Networks of Causal Abstractions: A Sheaf-theoretic Framework

arXiv:2509.25236v3 Announce Type: replace Abstract: A core challenge in causal artificial intelligence is the principled coordination of multiple, imperfect, and subjective causal perspectives arising from distributed agents with limited and heterogeneous access to the environment. This problem has received little formal treatment, as the existing framework assumes a single shared global causal model. This work introduces the causal abstraction network (CAN), a general sheaf-theoretic framework for representing, learning, and reasoning across collections of mixture of causal models (MCMs) - a class that unifies several existing models of context-dependent causal mechanisms. Sheaf theory provides a natural foundation for this task, offering a rigorous framework to coherently align distributed causal knowledge without requiring explicit causal graphs, functional mechanisms, interventional data, or jointly sampled observations. At the theoretical level, we provide a categorical formulation of MCMs and characterize key properties of CANs, including consistency and smoothness.

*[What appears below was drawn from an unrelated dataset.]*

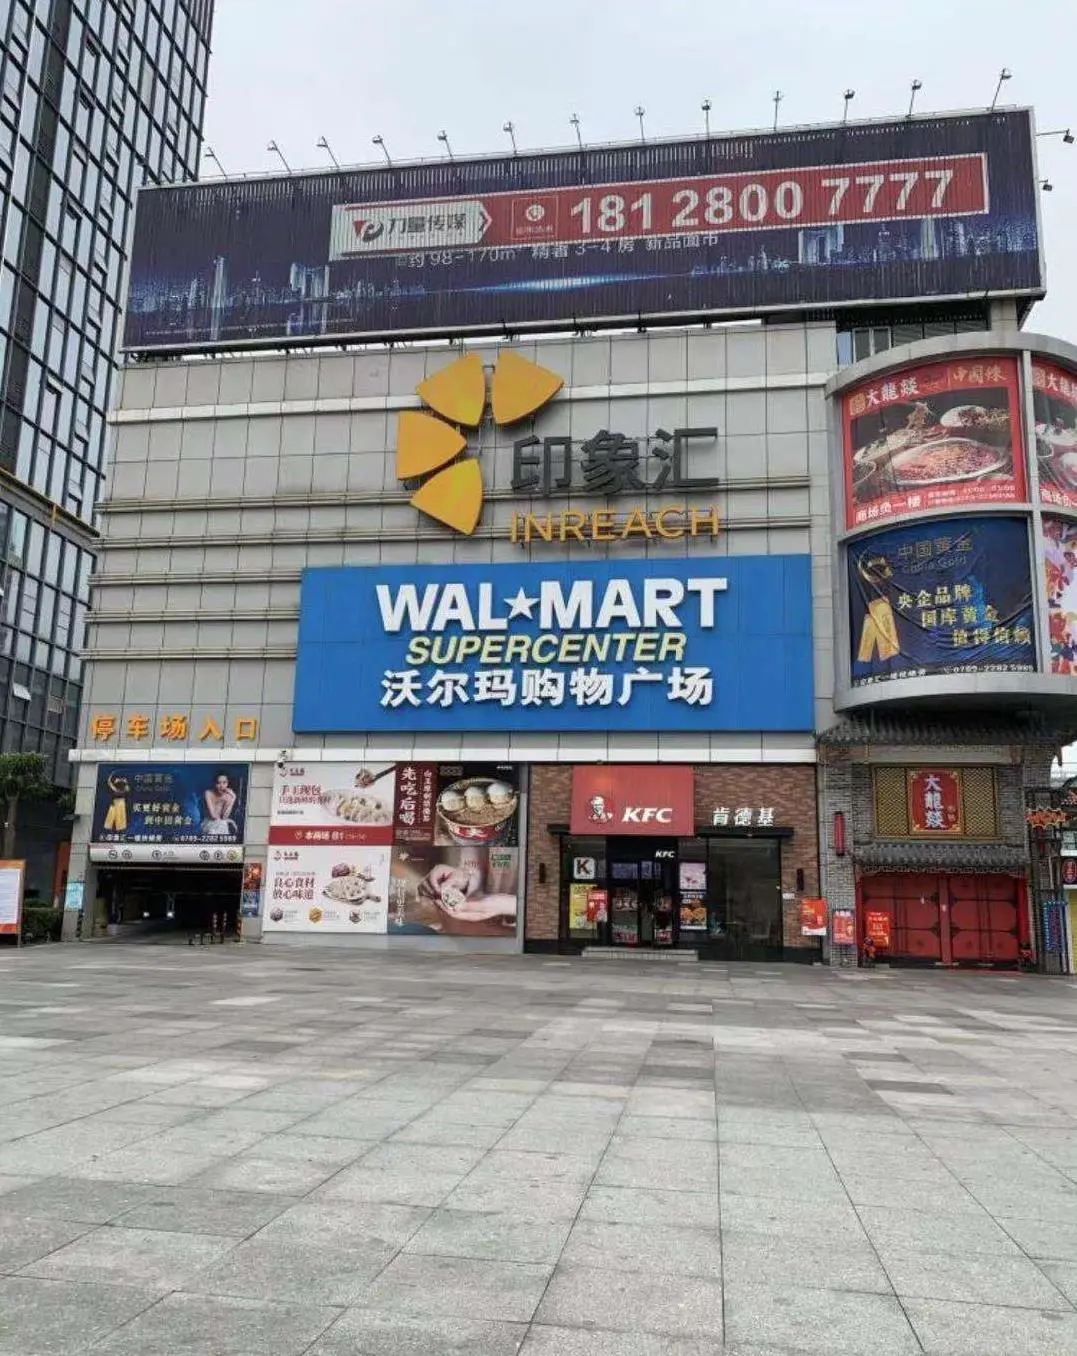 WalMart 沃尔玛购物广场

Under consistency, we establish necessary and sufficient conditions: (i) for the existence of global sections, linked to spectral properties of an associated connection Laplacian; and (ii) for the convergence of causal knowledge diffusion over the CAN to the space of global sections. At the methodological level, we exploit the compositionality of causal abstractions to decompose the learning of consistent CANs into local problems on network edges, extending our prior work on Gaussian variables to Gaussian mixtures via the proposed MIXTURE-CALSEP algorithm. We validate the framework on synthetic data and through a financial application involving a multi-agent trading system, demonstrating CAN recovery, CAN-based portfolio optimization, and counterfactual reasoning.